And this, children, is why mankind invented bars, taverns and the “all-you-can-eat-buffalo-wings-happy-hour” at the Kit Kat Klub.

If you do decide to follow the great Kahn and myself into battle, the experts advise that “before picking a battle, it is important to be willing to offer a solution or work with others to find one.”

This may sound difficult, but it really is quite easy.

“I know exactly how to fix this problem,” you can say to your opponent in your most cooperative voice. “Management needs to fire stupid idiots like you.”

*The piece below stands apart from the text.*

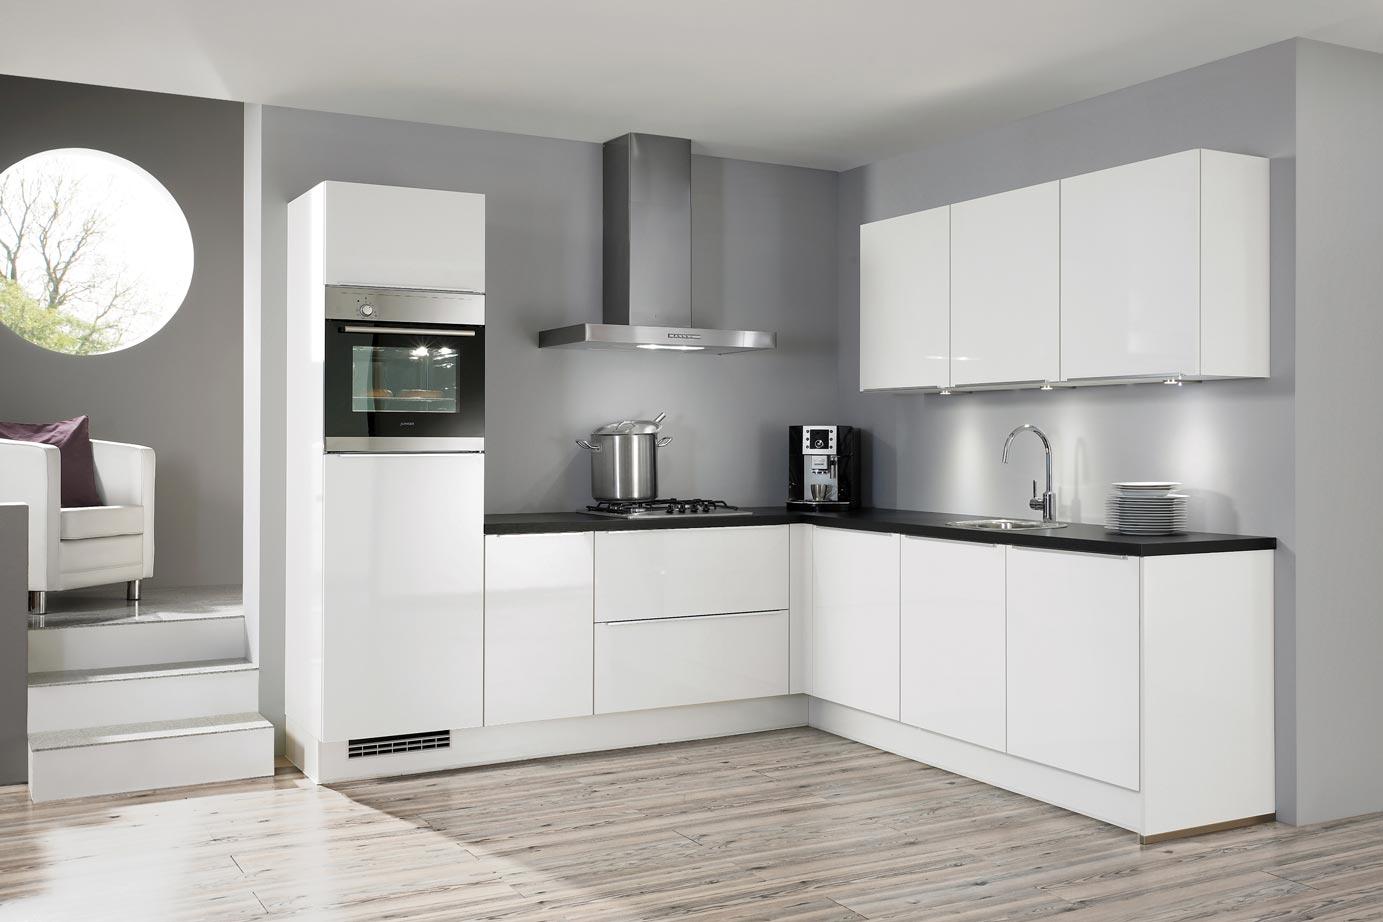 Grijze Keuken Met Wit Blad : Hoogglans keuken. chique in modern interieur! db keukens

Other expert advice includes avoiding “some kind of battles, altogether, such as disputes over someone’s personality or style.” I suppose that could be true, but, really, how long can you peacefully coexist with someone who wears Axe or has a Pitbull ringtone. No judge would ever convict you.

Finally, the experts think “it isn’t wise to take up conflicts with people who are a lot more powerful than you.” If this is true, it is disappointing. If you can’t fight with anyone at work more powerful than you, you really won’t be able to fight with anyone at all.

Bob Goldman was an advertising executive at a Fortune 500 company, but he finally wised up and opened Bob Goldman Financial Planning in Sausalito, California. He offers a virtual shoulder to cry on at bob@bgplanning.com.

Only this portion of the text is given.